水をたらふく飲んで、1時間ほどしたころ。ようやくおいらも平常心を取り戻してきた。もう丸呑みにするつもりのないらしいダイノのそばに丸まり、再生し始めたしっぽをありがたく眺めていた。
「あのさ……」ご機嫌なダイノを害さないように、おいらはお伺いを立てる。「なんでおいらを、その……。食べたのさ」
「私のこと、もっと知って欲しかったんです。あなたのお野菜で立派に育ったこの体の喜びを、勘太郎さんと分かち合いたかった。だから勘太郎さんが私のナカに入ってきてくれたときも、嬉しすぎてそれだけで軽くイっちゃってました。それなら、こっちの内側も、勘太郎さんに知ってほしかった。それだけです」
「……ダイノって、平気でそういう話、できるよね」
「勘太郎さんにだけ、ですよ?」
ダイノは気恥ずかしそうにフードの口を緩く閉めながら、その奥で妖艶な瞳をウインクしてみせた。おいらがときめき直すには十分過ぎるほど、魅力的だった。まだなんか隠して……、ないよね?
「初めてテレパシーで勘太郎さんに語りかけたのは、ちょっとした冗談のつもりでした。初めての交尾だったのに、キスのひとつもしてくれないんですもん。それで、しっぽをけしかけてみたら、なんかそっちに入れこんでるじゃないですか。……嫉妬、しちゃいます。私が寝たふりをしている間、3年もあんなことされていたら、それは少しくらい意地悪したくなっちゃいますよ」
「ご、ごめん……! それは本当に! すまなかったと思ってる……!」
「でも、嬉しかった。勘太郎さん食べられちゃったのに、私のこと気遣ってくれて。お腹の中で暴れたり、技を使って無理やり脱出しようとすることもできたはず。なのにしなかった。おまけにあんな、自分の尊厳を貶めるようなオナニーまでしてくれて。私って信頼されているんだな、って、嬉しくなっちゃいました」
「……もお、勘弁してよお」
進化してダイノの魅力を再発見したつもりで高揚していたが、まさかおいら自身の隠れた性癖まで暴かれちまうなんて。それこそダイノにしか打ち明けられない――そもそもダイノじゃないと満たすことのできない、畑の奥底に埋めておくべきおいらの秘密だ。
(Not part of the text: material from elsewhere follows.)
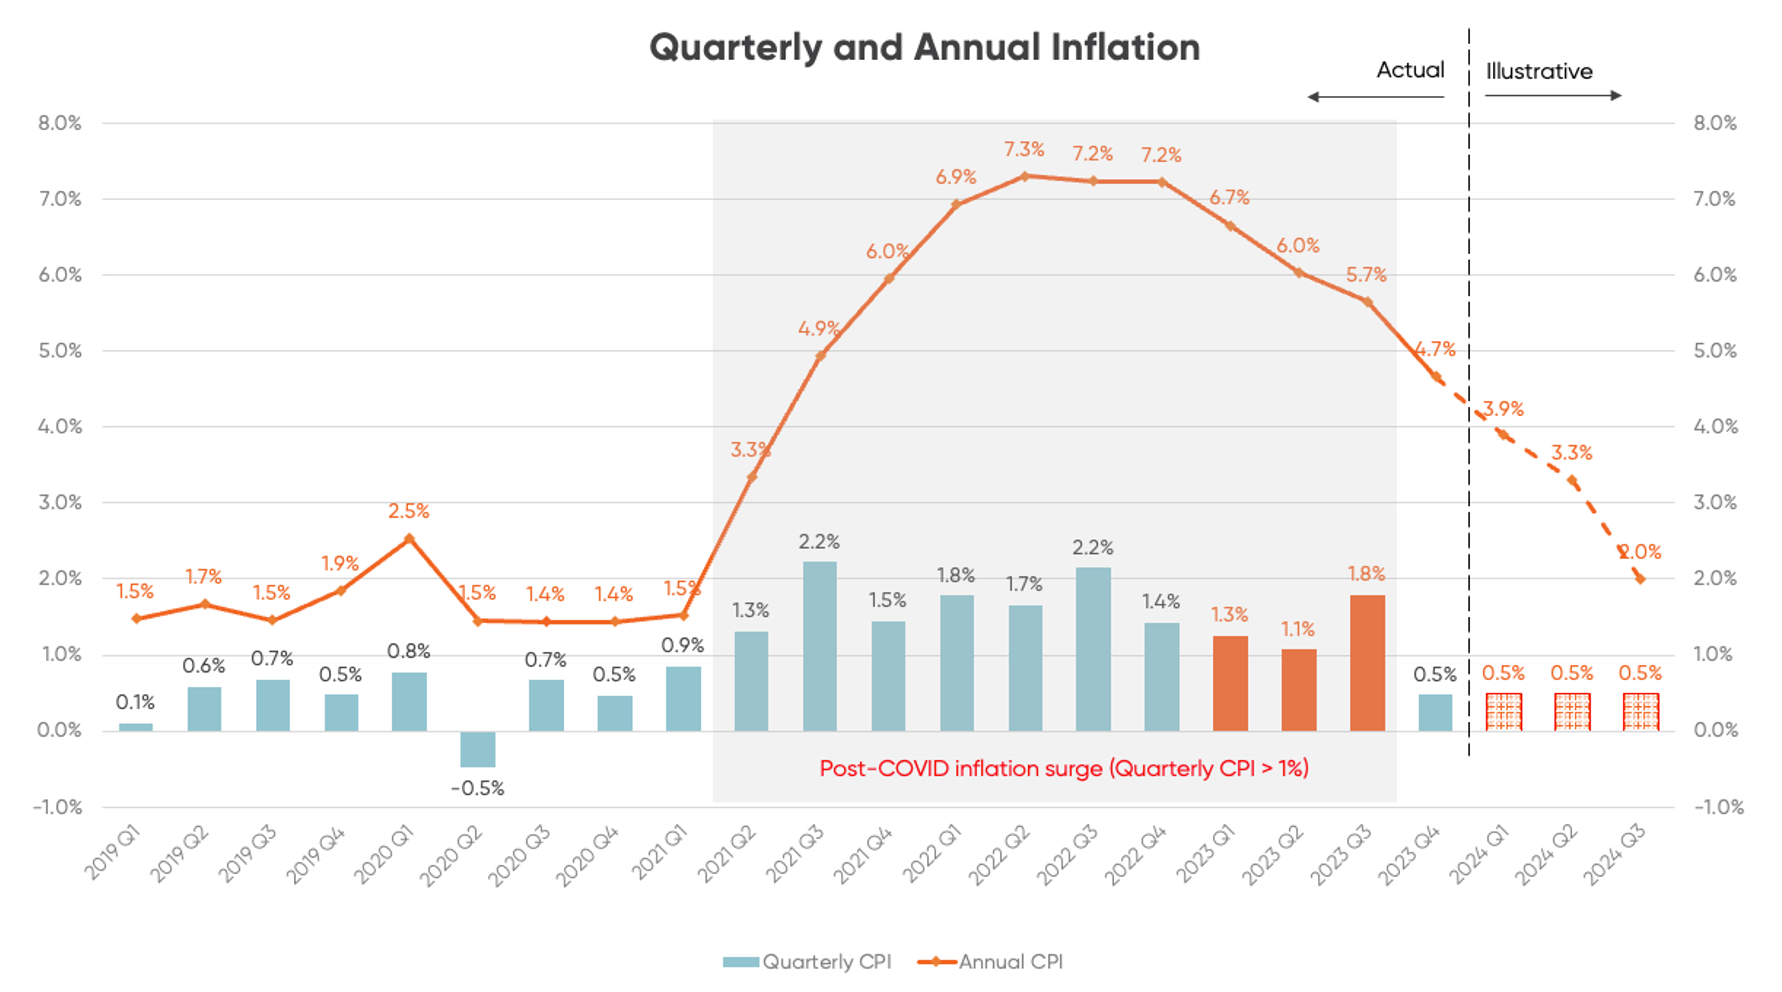 Graph tracking NZ's CPI inflation data from Q1 2019 through to today, with projected data out to Q3 2024
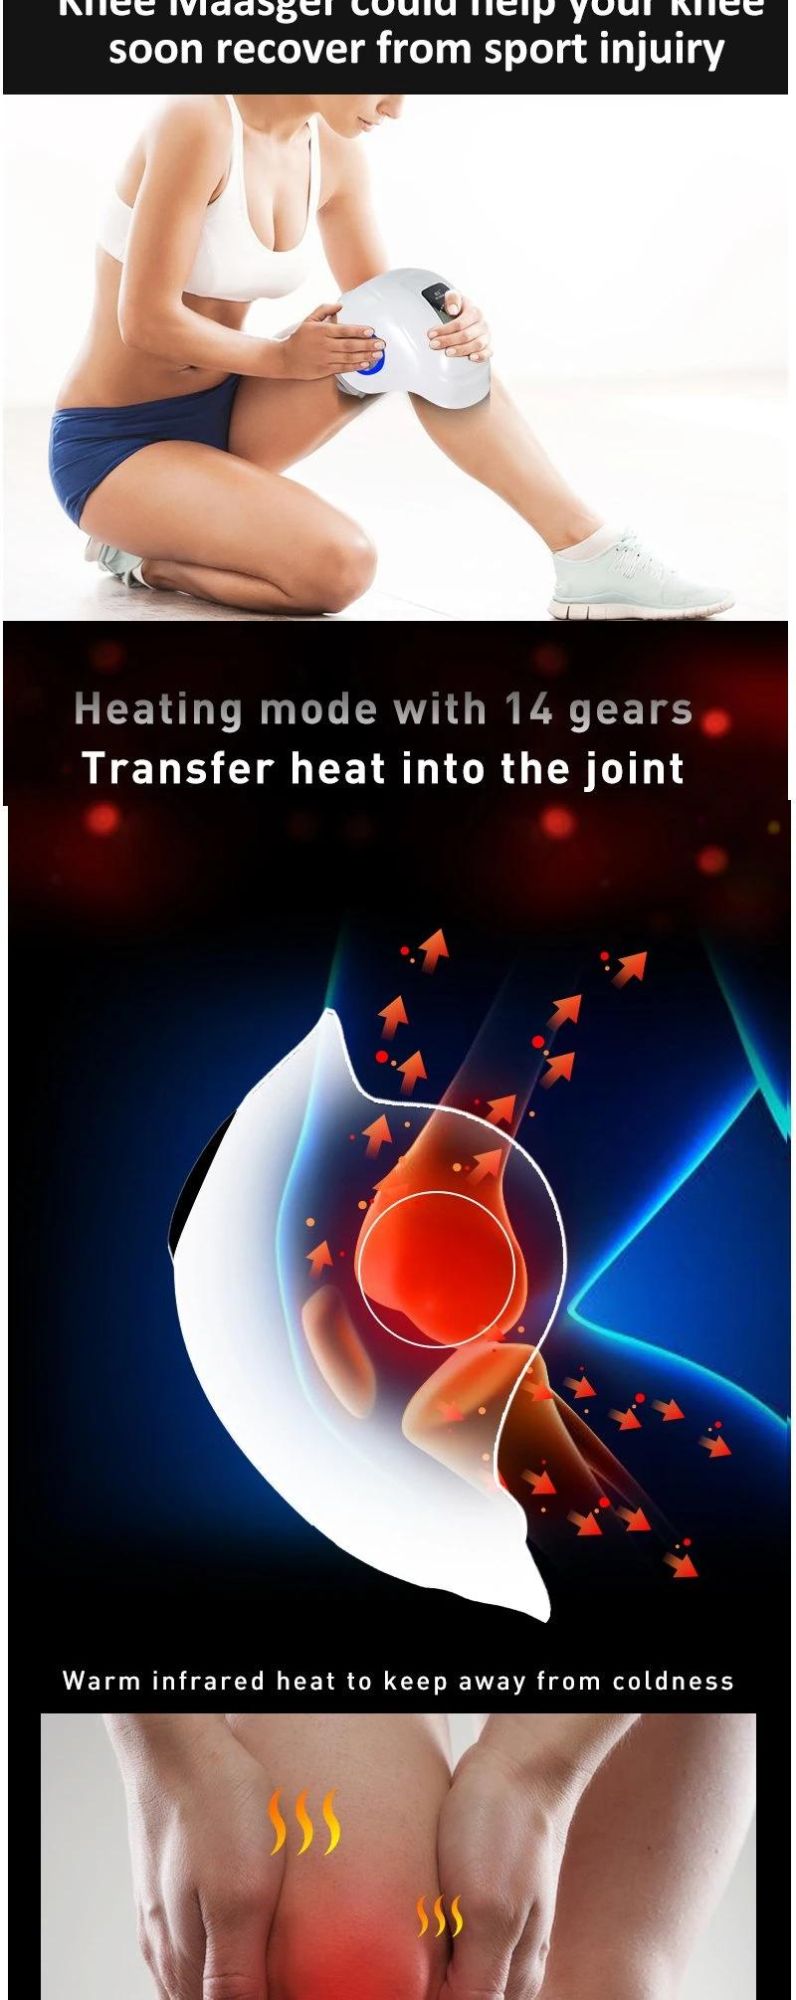 Hezheng Vibration Air Pressure Knee Health Care Pain Relief Electric Heating Knee Joint Massager for Pain Relief

ゆるゆると長いため息をつくおいらの耳元へ、そっと首を曲げたダイノの白い息が吹き付けられる。
「私のお腹の中、お気に召したのでしたら、次は……、第二胃の方まで、耕してみませんか?」
「――ッ! だからっダイノは誘い方、えっちなんだってば……!」
こっちの畑では、どんな種っこが育つんだろ。魅惑の土壌に潜ったまま、おいらはしばらく抜け出すことができそうになかった。